- SOURCE DATA -
┏━━
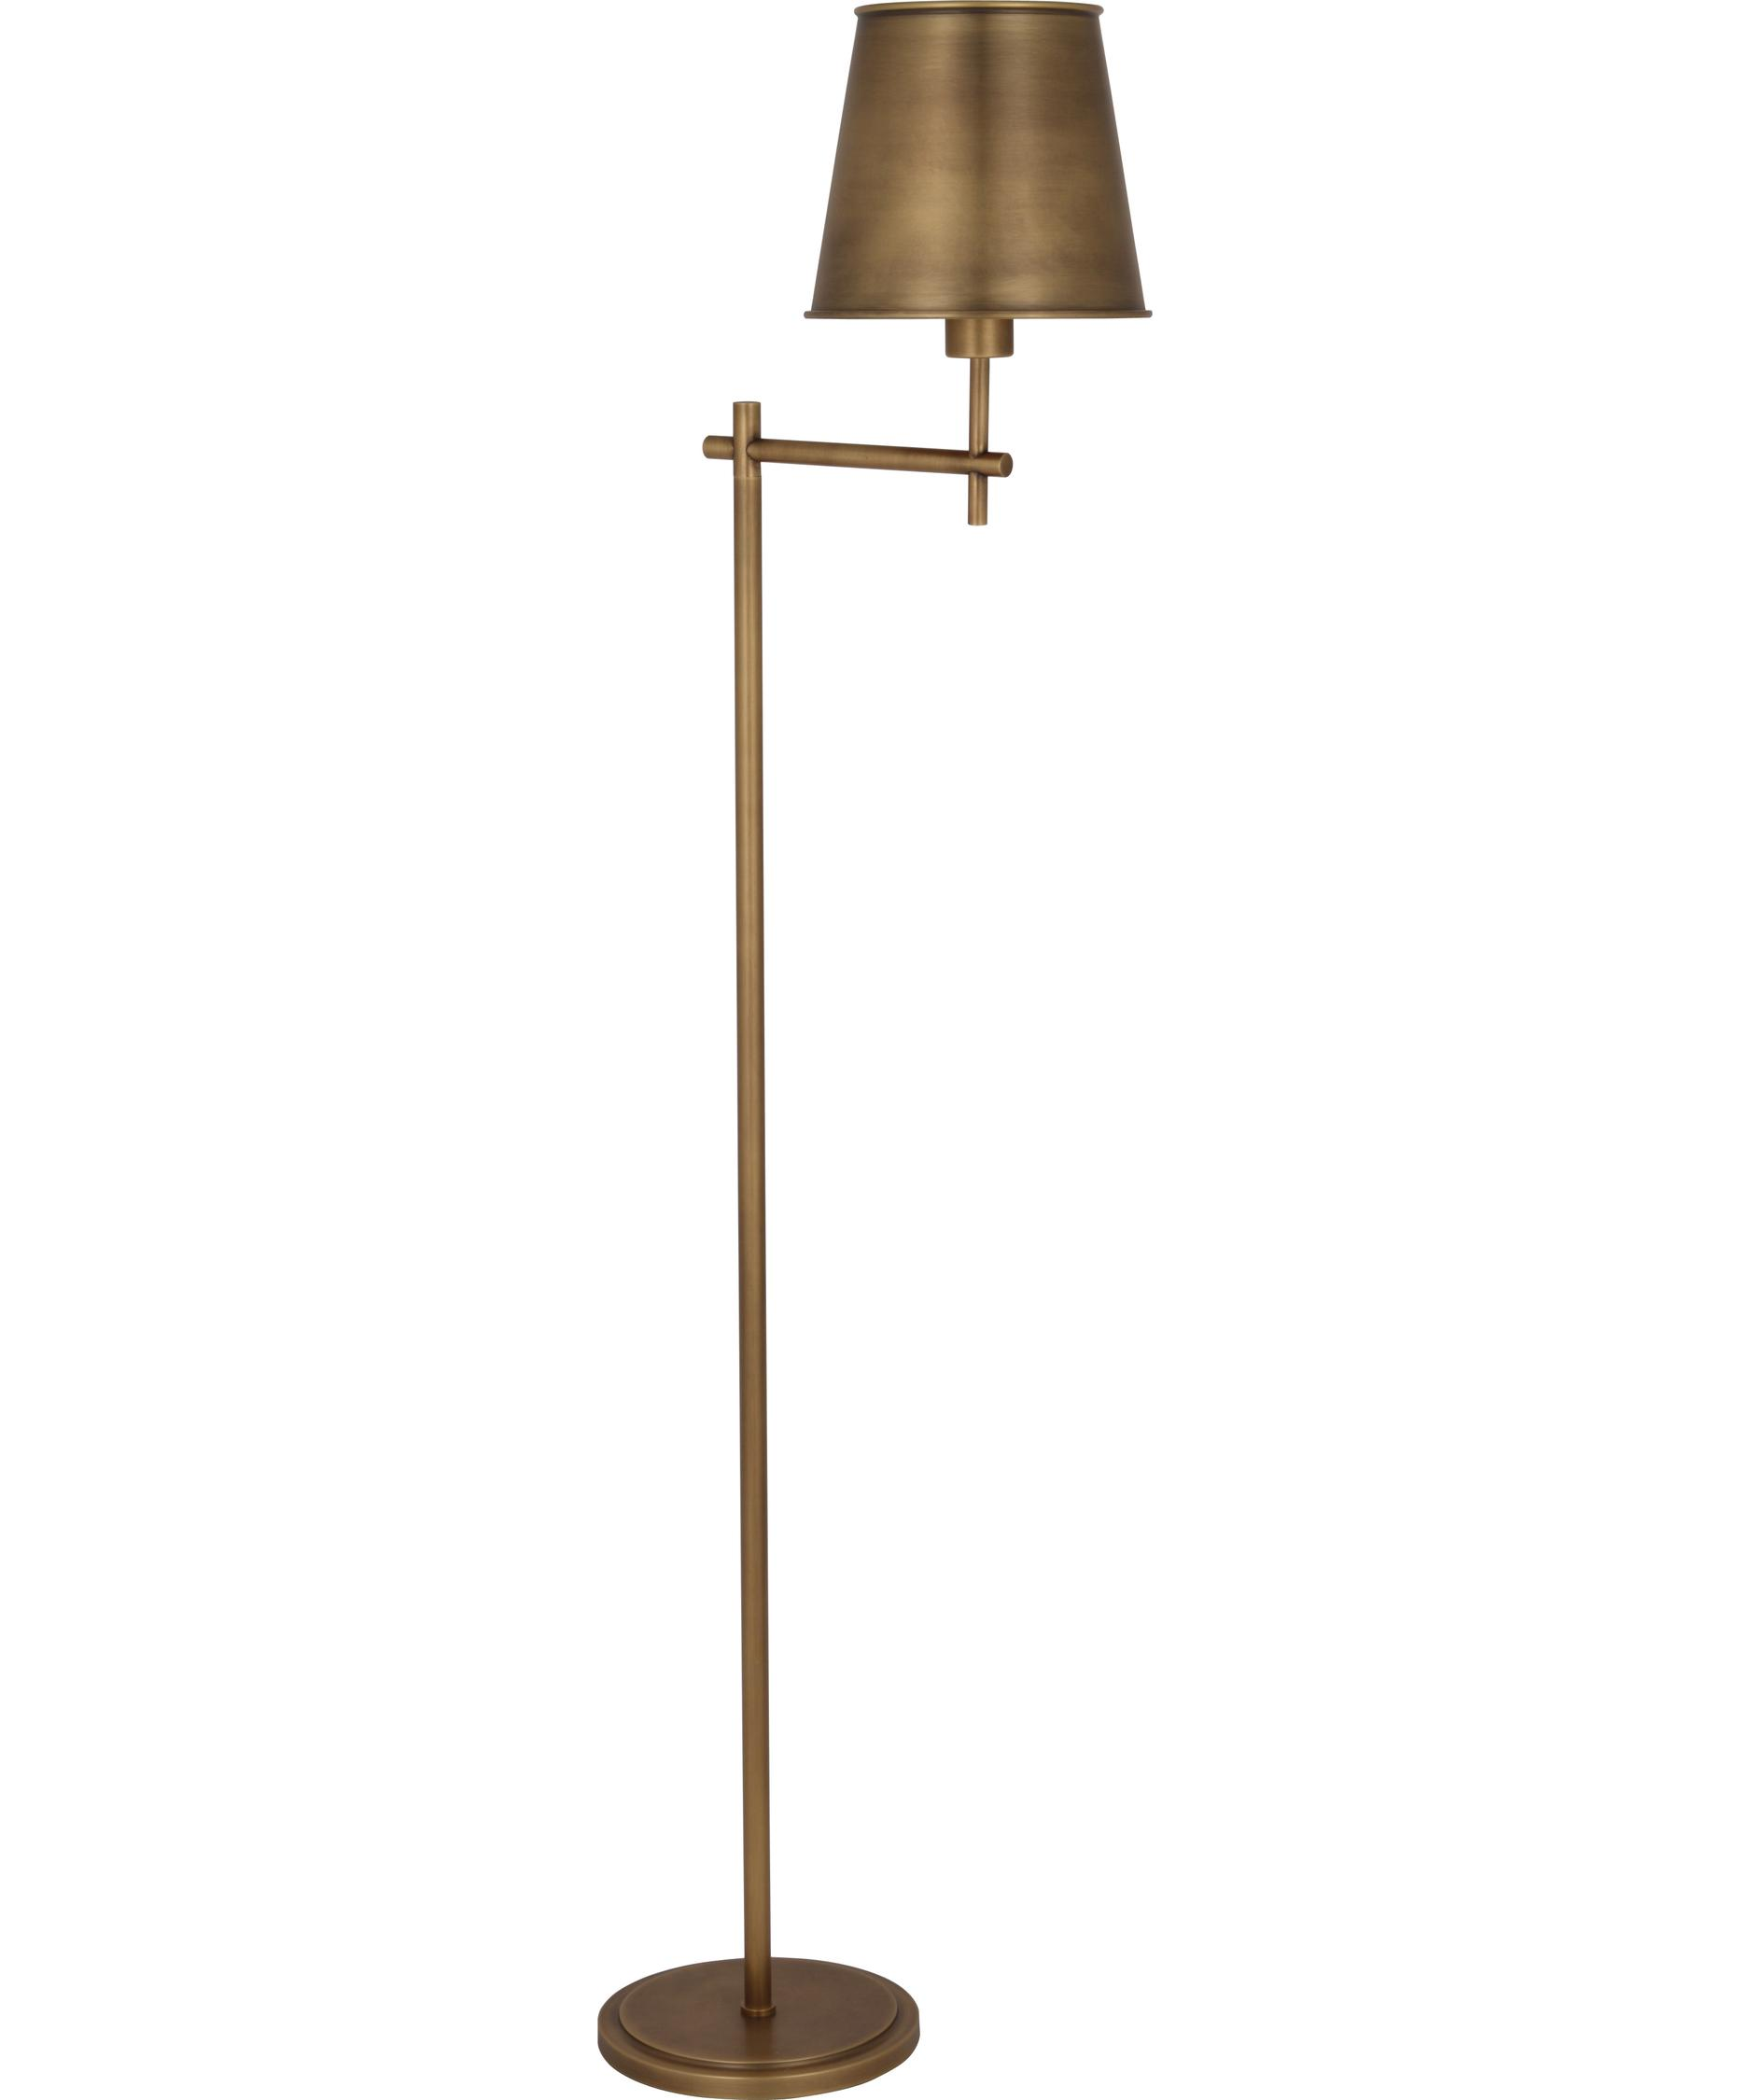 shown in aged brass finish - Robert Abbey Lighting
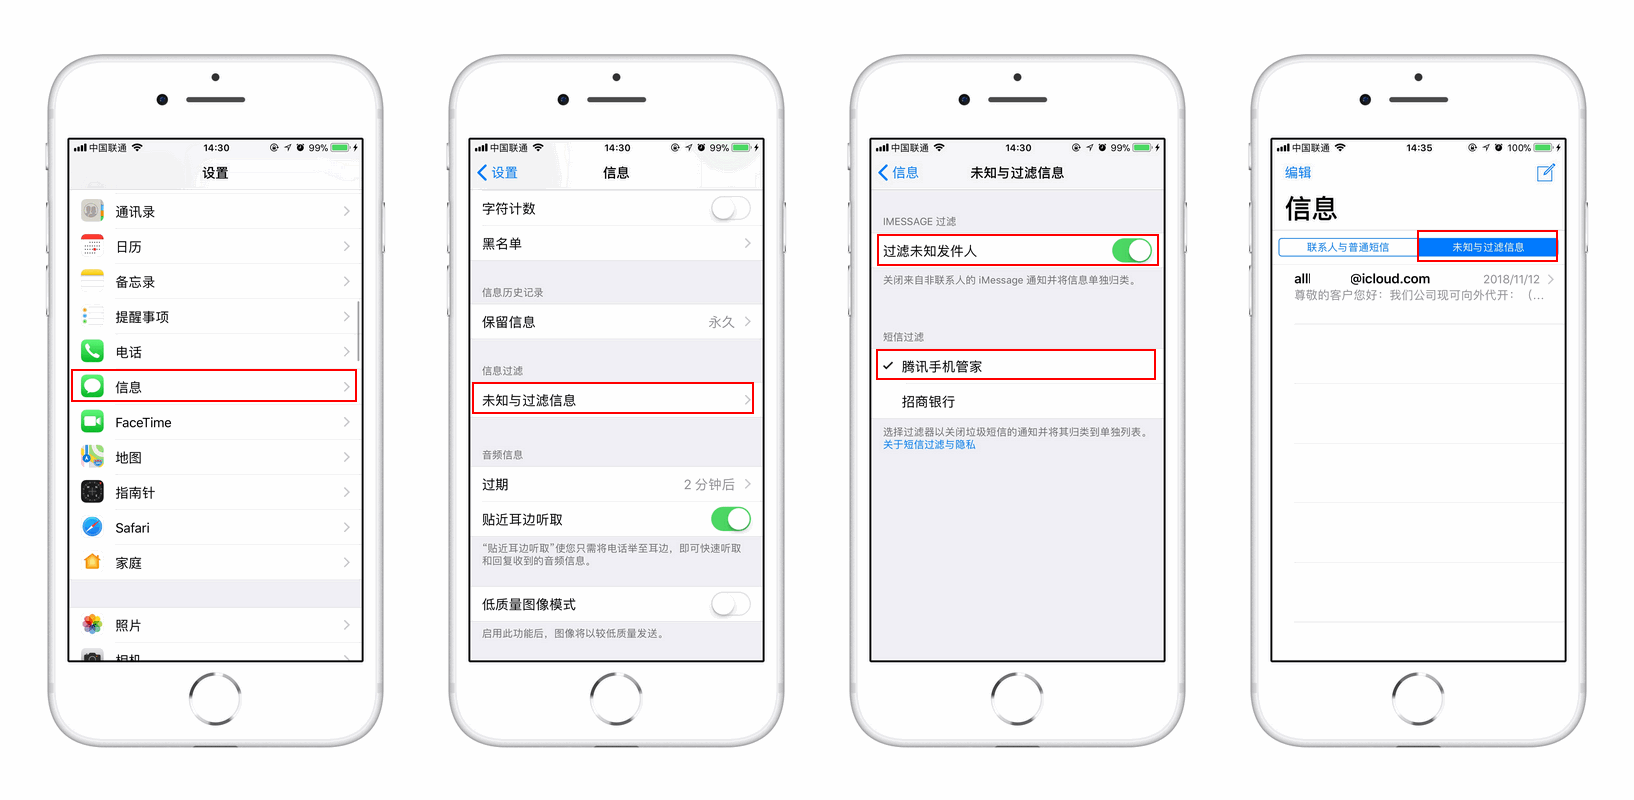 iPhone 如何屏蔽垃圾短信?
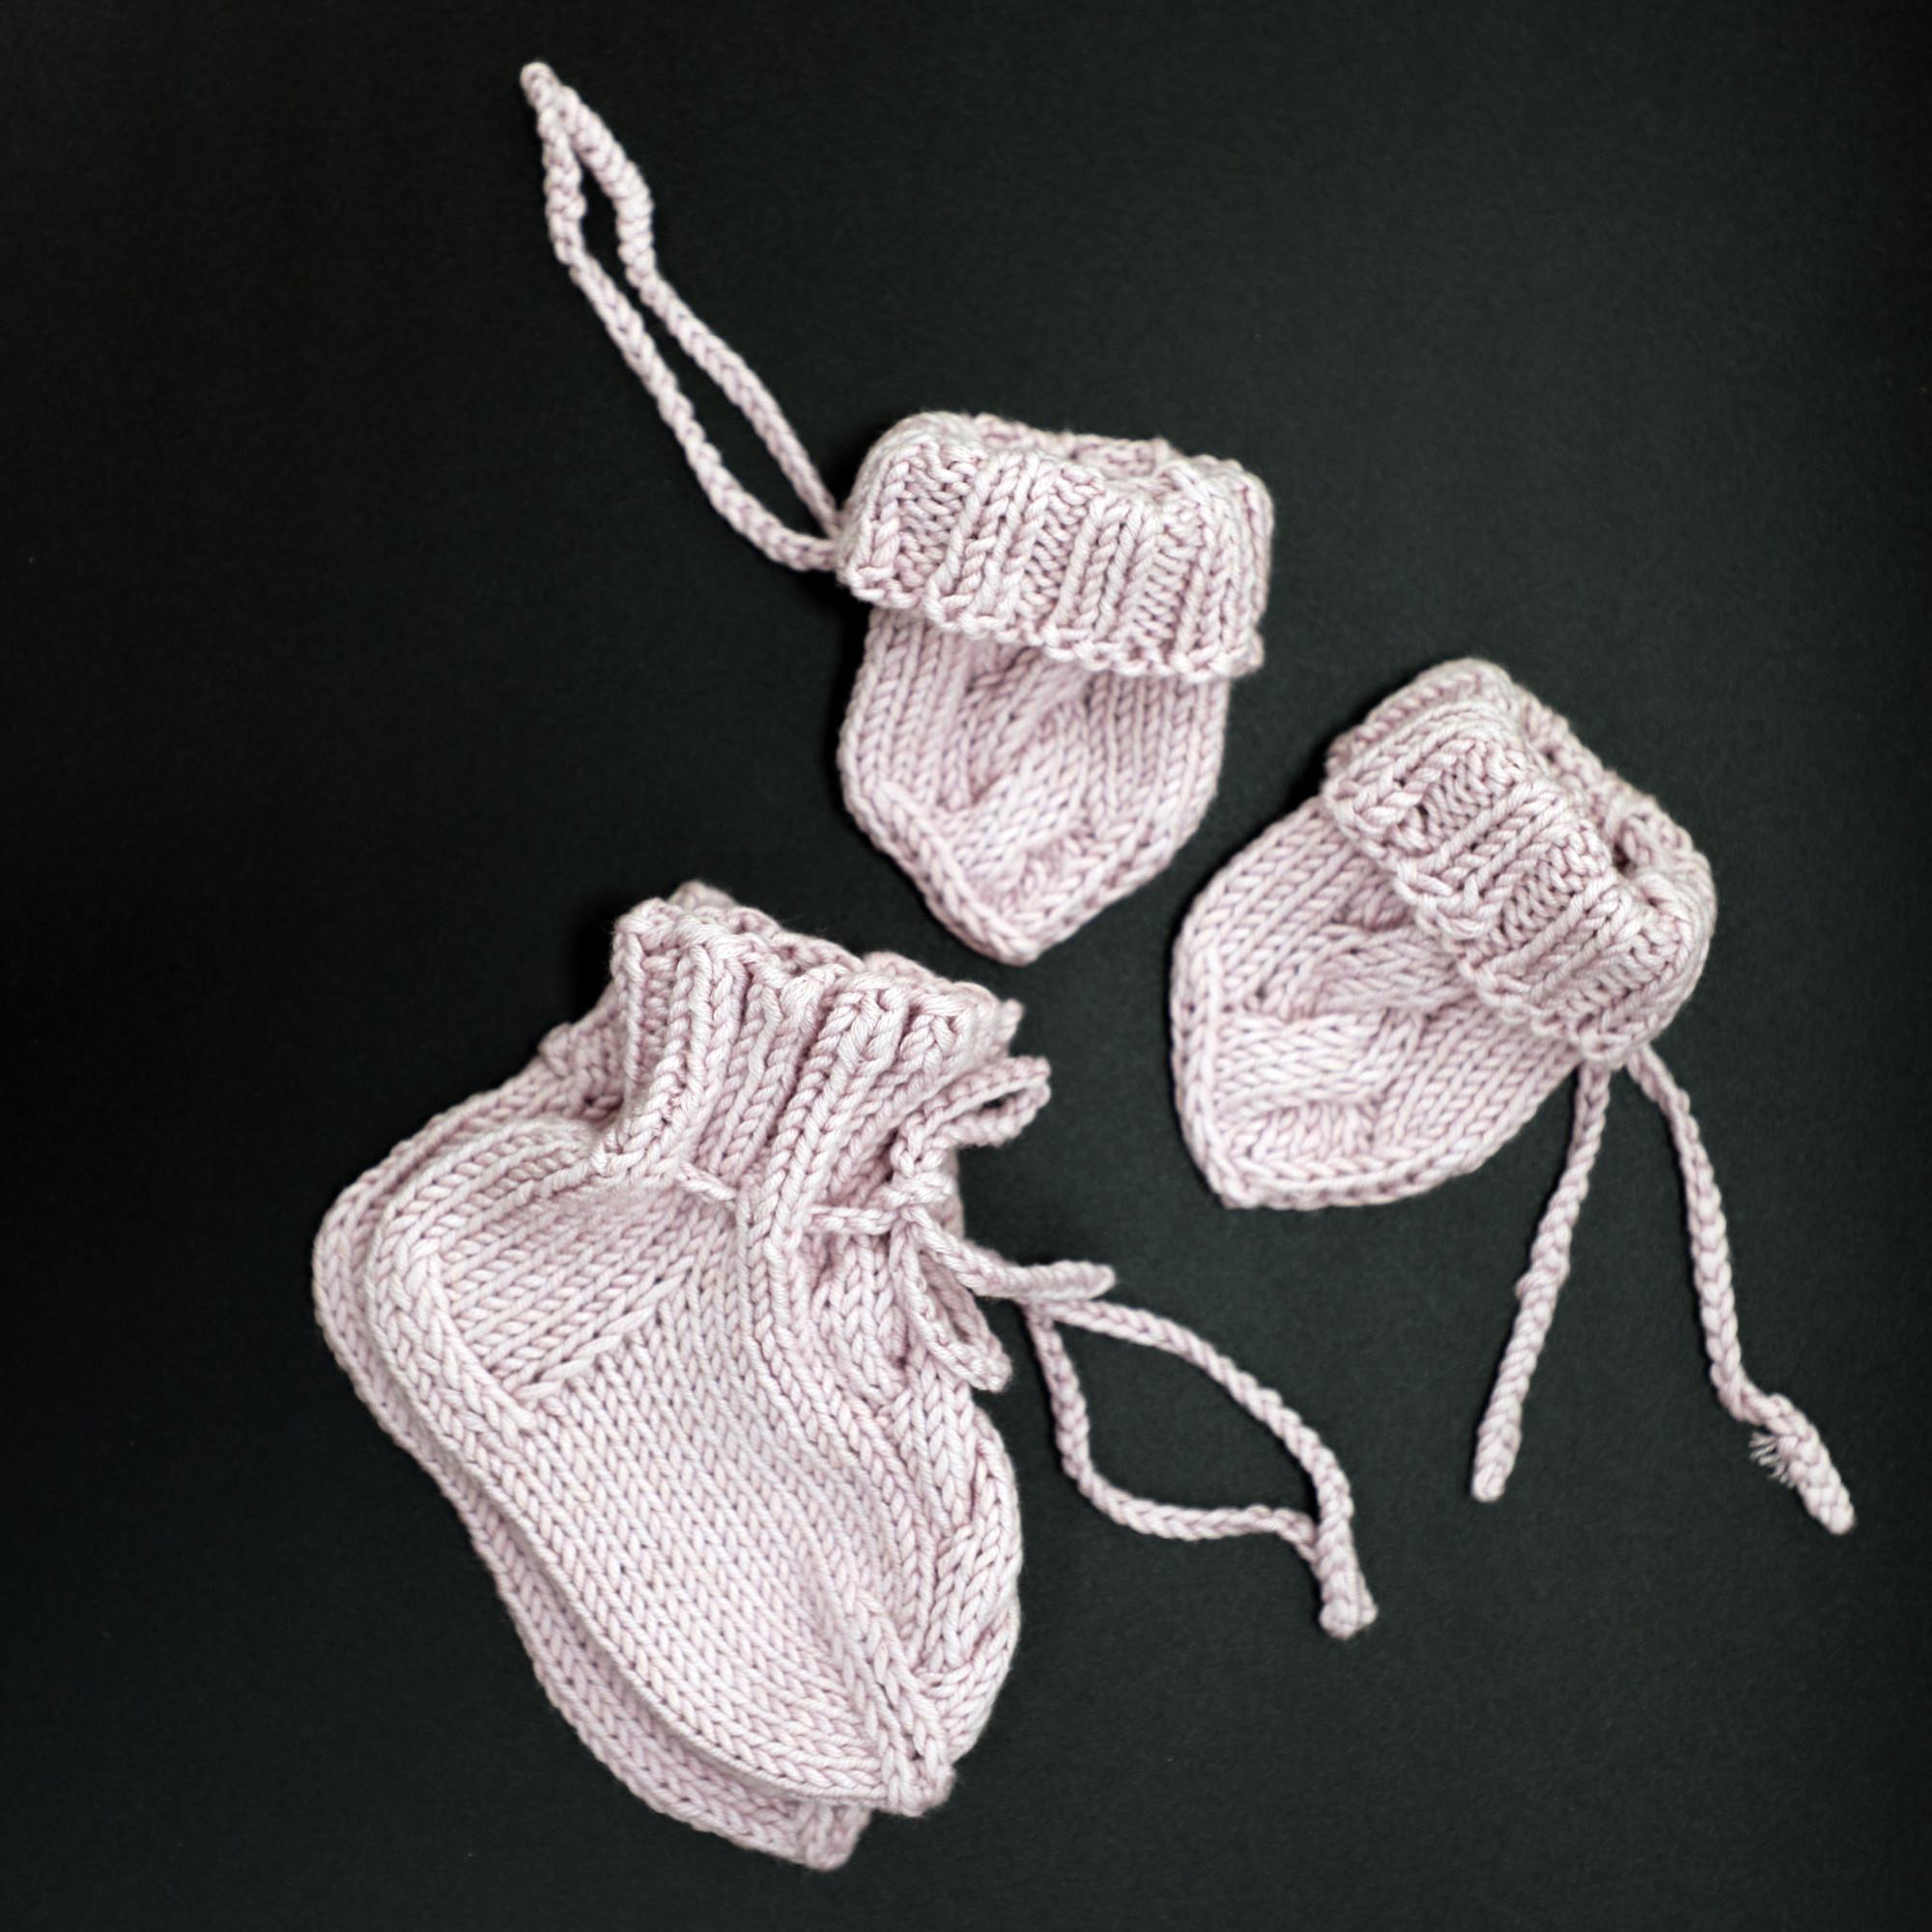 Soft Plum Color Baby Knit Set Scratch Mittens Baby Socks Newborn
┗━━
- BRIEF -
Apart from the pictures, the material above has to be repeated exactly.

- SOLUTION TO THIS PROBLEM -
 shown in aged brass finish - Robert Abbey Lighting
 iPhone 如何屏蔽垃圾短信?
 Soft Plum Color Baby Knit Set Scratch Mittens Baby Socks Newborn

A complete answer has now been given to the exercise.